> **Task requirements**: Type out every entry again, character for character.

> **Data for this task**:

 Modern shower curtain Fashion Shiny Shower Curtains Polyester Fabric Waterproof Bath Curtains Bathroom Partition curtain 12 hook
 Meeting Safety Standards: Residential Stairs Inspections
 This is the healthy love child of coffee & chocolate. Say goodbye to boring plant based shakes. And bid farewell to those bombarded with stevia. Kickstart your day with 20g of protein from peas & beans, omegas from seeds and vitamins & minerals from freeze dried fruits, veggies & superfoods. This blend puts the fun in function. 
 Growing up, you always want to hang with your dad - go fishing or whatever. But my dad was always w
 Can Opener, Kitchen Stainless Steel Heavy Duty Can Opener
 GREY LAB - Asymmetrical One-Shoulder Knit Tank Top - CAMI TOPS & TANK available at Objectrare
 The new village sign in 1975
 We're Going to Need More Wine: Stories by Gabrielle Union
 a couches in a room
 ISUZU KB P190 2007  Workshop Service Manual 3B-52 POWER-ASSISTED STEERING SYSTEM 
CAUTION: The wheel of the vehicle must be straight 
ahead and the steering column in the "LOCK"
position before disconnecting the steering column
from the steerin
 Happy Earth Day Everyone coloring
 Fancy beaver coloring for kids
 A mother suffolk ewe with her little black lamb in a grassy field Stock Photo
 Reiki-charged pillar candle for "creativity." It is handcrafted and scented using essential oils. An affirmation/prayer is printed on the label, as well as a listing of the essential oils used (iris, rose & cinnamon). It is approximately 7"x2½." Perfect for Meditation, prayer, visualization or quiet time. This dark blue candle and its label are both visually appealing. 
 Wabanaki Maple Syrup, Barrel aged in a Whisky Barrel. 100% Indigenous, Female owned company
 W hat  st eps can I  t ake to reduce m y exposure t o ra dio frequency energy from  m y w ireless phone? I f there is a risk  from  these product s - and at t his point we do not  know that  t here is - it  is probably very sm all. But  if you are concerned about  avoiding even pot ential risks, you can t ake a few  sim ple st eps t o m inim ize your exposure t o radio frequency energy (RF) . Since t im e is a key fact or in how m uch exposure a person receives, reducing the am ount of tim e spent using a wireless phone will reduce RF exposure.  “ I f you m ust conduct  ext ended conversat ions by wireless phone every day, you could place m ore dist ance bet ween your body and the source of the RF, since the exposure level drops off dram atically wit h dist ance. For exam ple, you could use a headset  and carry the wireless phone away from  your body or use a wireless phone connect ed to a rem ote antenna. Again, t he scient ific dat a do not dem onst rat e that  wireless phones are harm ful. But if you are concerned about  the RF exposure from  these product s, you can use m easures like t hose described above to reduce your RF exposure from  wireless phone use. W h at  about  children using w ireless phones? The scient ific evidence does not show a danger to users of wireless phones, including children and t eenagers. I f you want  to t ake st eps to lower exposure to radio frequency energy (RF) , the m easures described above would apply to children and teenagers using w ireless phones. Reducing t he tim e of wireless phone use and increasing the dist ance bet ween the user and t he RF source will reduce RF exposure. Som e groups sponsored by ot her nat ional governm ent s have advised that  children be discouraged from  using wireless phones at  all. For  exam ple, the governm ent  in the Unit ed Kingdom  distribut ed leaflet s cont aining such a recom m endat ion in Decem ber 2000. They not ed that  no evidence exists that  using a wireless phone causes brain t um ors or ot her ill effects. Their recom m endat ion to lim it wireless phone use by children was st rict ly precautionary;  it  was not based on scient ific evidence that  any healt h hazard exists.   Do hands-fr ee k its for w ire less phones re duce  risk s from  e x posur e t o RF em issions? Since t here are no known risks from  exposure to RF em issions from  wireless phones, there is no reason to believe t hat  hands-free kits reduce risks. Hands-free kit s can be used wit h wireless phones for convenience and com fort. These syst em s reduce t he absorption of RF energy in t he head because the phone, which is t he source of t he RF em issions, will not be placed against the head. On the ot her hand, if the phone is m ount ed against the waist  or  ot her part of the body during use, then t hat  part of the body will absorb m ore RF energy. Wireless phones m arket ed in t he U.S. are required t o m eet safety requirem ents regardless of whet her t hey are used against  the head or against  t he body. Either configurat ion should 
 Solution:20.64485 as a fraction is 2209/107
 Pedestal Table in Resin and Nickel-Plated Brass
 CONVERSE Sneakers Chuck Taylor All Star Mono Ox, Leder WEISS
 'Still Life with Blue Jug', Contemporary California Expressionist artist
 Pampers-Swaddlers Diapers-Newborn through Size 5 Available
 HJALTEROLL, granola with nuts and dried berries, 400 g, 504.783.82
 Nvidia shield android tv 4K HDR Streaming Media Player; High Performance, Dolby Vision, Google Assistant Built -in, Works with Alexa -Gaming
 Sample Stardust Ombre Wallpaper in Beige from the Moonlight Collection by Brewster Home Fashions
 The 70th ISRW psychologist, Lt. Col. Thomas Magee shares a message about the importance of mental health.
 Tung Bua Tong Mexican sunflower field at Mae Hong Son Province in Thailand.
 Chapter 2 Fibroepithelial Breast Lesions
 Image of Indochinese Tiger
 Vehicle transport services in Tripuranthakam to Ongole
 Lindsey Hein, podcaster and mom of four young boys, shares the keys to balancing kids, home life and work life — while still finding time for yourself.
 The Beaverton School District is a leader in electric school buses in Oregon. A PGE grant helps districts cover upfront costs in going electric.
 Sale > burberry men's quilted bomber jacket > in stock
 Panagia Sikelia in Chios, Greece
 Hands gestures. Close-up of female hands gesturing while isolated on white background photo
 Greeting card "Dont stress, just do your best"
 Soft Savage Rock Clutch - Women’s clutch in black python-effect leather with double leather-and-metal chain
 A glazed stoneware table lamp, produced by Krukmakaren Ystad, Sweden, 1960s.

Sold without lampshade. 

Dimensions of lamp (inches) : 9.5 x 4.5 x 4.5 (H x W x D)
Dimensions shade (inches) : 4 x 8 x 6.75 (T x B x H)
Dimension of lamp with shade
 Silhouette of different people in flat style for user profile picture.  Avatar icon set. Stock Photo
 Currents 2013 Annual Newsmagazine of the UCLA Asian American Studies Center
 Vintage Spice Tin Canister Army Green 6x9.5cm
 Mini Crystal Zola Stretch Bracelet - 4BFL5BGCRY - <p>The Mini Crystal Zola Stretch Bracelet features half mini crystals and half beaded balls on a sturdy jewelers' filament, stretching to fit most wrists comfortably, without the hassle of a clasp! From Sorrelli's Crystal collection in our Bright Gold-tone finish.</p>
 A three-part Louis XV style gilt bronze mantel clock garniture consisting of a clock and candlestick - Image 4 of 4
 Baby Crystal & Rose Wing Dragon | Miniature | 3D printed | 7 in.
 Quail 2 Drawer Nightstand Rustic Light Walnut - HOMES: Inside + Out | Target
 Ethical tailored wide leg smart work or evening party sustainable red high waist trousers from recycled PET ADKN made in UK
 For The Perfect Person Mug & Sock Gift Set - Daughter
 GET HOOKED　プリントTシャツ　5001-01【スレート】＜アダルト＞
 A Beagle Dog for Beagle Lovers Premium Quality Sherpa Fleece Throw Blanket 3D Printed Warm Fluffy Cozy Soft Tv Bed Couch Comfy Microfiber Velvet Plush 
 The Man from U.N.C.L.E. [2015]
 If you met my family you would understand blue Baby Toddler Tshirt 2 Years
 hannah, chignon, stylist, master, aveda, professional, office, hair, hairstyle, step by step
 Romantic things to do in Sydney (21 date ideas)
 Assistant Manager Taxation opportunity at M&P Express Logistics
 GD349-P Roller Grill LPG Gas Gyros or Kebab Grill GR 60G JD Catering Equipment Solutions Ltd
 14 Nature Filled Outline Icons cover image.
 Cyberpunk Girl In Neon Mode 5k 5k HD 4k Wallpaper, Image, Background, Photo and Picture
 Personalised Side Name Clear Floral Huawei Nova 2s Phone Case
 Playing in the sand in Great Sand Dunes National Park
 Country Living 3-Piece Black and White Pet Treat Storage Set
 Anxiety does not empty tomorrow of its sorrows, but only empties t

> **Answer below**:
 Modern shower curtain Fashion Shiny Shower Curtains Polyester Fabric Waterproof Bath Curtains Bathroom Partition curtain 12 hook
 Meeting Safety Standards: Residential Stairs Inspections
 This is the healthy love child of coffee & chocolate. Say goodbye to boring plant based shakes. And bid farewell to those bombarded with stevia. Kickstart your day with 20g of protein from peas & beans, omegas from seeds and vitamins & minerals from freeze dried fruits, veggies & superfoods. This blend puts the fun in function. 
 Growing up, you always want to hang with your dad - go fishing or whatever. But my dad was always w
 Can Opener, Kitchen Stainless Steel Heavy Duty Can Opener
 GREY LAB - Asymmetrical One-Shoulder Knit Tank Top - CAMI TOPS & TANK available at Objectrare
 The new village sign in 1975
 We're Going to Need More Wine: Stories by Gabrielle Union
 a couches in a room
 ISUZU KB P190 2007  Workshop Service Manual 3B-52 POWER-ASSISTED STEERING SYSTEM 
CAUTION: The wheel of the vehicle must be straight 
ahead and the steering column in the "LOCK"
position before disconnecting the steering column
from the steerin
 Happy Earth Day Everyone coloring
 Fancy beaver coloring for kids
 A mother suffolk ewe with her little black lamb in a grassy field Stock Photo
 Reiki-charged pillar candle for "creativity." It is handcrafted and scented using essential oils. An affirmation/prayer is printed on the label, as well as a listing of the essential oils used (iris, rose & cinnamon). It is approximately 7"x2½." Perfect for Meditation, prayer, visualization or quiet time. This dark blue candle and its label are both visually appealing. 
 Wabanaki Maple Syrup, Barrel aged in a Whisky Barrel. 100% Indigenous, Female owned company
 W hat  st eps can I  t ake to reduce m y exposure t o ra dio frequency energy from  m y w ireless phone? I f there is a risk  from  these product s - and at t his point we do not  know that  t here is - it  is probably very sm all. But  if you are concerned about  avoiding even pot ential risks, you can t ake a few  sim ple st eps t o m inim ize your exposure t o radio frequency energy (RF) . Since t im e is a key fact or in how m uch exposure a person receives, reducing the am ount of tim e spent using a wireless phone will reduce RF exposure.  “ I f you m ust conduct  ext ended conversat ions by wireless phone every day, you could place m ore dist ance bet ween your body and the source of the RF, since the exposure level drops off dram atically wit h dist ance. For exam ple, you could use a headset  and carry the wireless phone away from  your body or use a wireless phone connect ed to a rem ote antenna. Again, t he scient ific dat a do not dem onst rat e that  wireless phones are harm ful. But if you are concerned about  the RF exposure from  these product s, you can use m easures like t hose described above to reduce your RF exposure from  wireless phone use. W h at  about  children using w ireless phones? The scient ific evidence does not show a danger to users of wireless phones, including children and t eenagers. I f you want  to t ake st eps to lower exposure to radio frequency energy (RF) , the m easures described above would apply to children and teenagers using w ireless phones. Reducing t he tim e of wireless phone use and increasing the dist ance bet ween the user and t he RF source will reduce RF exposure. Som e groups sponsored by ot her nat ional governm ent s have advised that  children be discouraged from  using wireless phones at  all. For  exam ple, the governm ent  in the Unit ed Kingdom  distribut ed leaflet s cont aining such a recom m endat ion in Decem ber 2000. They not ed that  no evidence exists that  using a wireless phone causes brain t um ors or ot her ill effects. Their recom m endat ion to lim it wireless phone use by children was st rict ly precautionary;  it  was not based on scient ific evidence that  any healt h hazard exists.   Do hands-fr ee k its for w ire less phones re duce  risk s from  e x posur e t o RF em issions? Since t here are no known risks from  exposure to RF em issions from  wireless phones, there is no reason to believe t hat  hands-free kits reduce risks. Hands-free kit s can be used wit h wireless phones for convenience and com fort. These syst em s reduce t he absorption of RF energy in t he head because the phone, which is t he source of t he RF em issions, will not be placed against the head. On the ot her hand, if the phone is m ount ed against the waist  or  ot her part of the body during use, then t hat  part of the body will absorb m ore RF energy. Wireless phones m arket ed in t he U.S. are required t o m eet safety requirem ents regardless of whet her t hey are used against  the head or against  t he body. Either configurat ion should 
 Solution:20.64485 as a fraction is 2209/107
 Pedestal Table in Resin and Nickel-Plated Brass
 CONVERSE Sneakers Chuck Taylor All Star Mono Ox, Leder WEISS
 'Still Life with Blue Jug', Contemporary California Expressionist artist
 Pampers-Swaddlers Diapers-Newborn through Size 5 Available
 HJALTEROLL, granola with nuts and dried berries, 400 g, 504.783.82
 Nvidia shield android tv 4K HDR Streaming Media Player; High Performance, Dolby Vision, Google Assistant Built -in, Works with Alexa -Gaming
 Sample Stardust Ombre Wallpaper in Beige from the Moonlight Collection by Brewster Home Fashions
 The 70th ISRW psychologist, Lt. Col. Thomas Magee shares a message about the importance of mental health.
 Tung Bua Tong Mexican sunflower field at Mae Hong Son Province in Thailand.
 Chapter 2 Fibroepithelial Breast Lesions
 Image of Indochinese Tiger
 Vehicle transport services in Tripuranthakam to Ongole
 Lindsey Hein, podcaster and mom of four young boys, shares the keys to balancing kids, home life and work life — while still finding time for yourself.
 The Beaverton School District is a leader in electric school buses in Oregon. A PGE grant helps districts cover upfront costs in going electric.
 Sale > burberry men's quilted bomber jacket > in stock
 Panagia Sikelia in Chios, Greece
 Hands gestures. Close-up of female hands gesturing while isolated on white background photo
 Greeting card "Dont stress, just do your best"
 Soft Savage Rock Clutch - Women’s clutch in black python-effect leather with double leather-and-metal chain
 A glazed stoneware table lamp, produced by Krukmakaren Ystad, Sweden, 1960s.

Sold without lampshade. 

Dimensions of lamp (inches) : 9.5 x 4.5 x 4.5 (H x W x D)
Dimensions shade (inches) : 4 x 8 x 6.75 (T x B x H)
Dimension of lamp with shade
 Silhouette of different people in flat style for user profile picture.  Avatar icon set. Stock Photo
 Currents 2013 Annual Newsmagazine of the UCLA Asian American Studies Center
 Vintage Spice Tin Canister Army Green 6x9.5cm
 Mini Crystal Zola Stretch Bracelet - 4BFL5BGCRY - <p>The Mini Crystal Zola Stretch Bracelet features half mini crystals and half beaded balls on a sturdy jewelers' filament, stretching to fit most wrists comfortably, without the hassle of a clasp! From Sorrelli's Crystal collection in our Bright Gold-tone finish.</p>
 A three-part Louis XV style gilt bronze mantel clock garniture consisting of a clock and candlestick - Image 4 of 4
 Baby Crystal & Rose Wing Dragon | Miniature | 3D printed | 7 in.
 Quail 2 Drawer Nightstand Rustic Light Walnut - HOMES: Inside + Out | Target
 Ethical tailored wide leg smart work or evening party sustainable red high waist trousers from recycled PET ADKN made in UK
 For The Perfect Person Mug & Sock Gift Set - Daughter
 GET HOOKED　プリントTシャツ　5001-01【スレート】＜アダルト＞
 A Beagle Dog for Beagle Lovers Premium Quality Sherpa Fleece Throw Blanket 3D Printed Warm Fluffy Cozy Soft Tv Bed Couch Comfy Microfiber Velvet Plush 
 The Man from U.N.C.L.E. [2015]
 If you met my family you would understand blue Baby Toddler Tshirt 2 Years
 hannah, chignon, stylist, master, aveda, professional, office, hair, hairstyle, step by step
 Romantic things to do in Sydney (21 date ideas)
 Assistant Manager Taxation opportunity at M&P Express Logistics
 GD349-P Roller Grill LPG Gas Gyros or Kebab Grill GR 60G JD Catering Equipment Solutions Ltd
 14 Nature Filled Outline Icons cover image.
 Cyberpunk Girl In Neon Mode 5k 5k HD 4k Wallpaper, Image, Background, Photo and Picture
 Personalised Side Name Clear Floral Huawei Nova 2s Phone Case
 Playing in the sand in Great Sand Dunes National Park
 Country Living 3-Piece Black and White Pet Treat Storage Set
 Anxiety does not empty tomorrow of its sorrows, but only empties t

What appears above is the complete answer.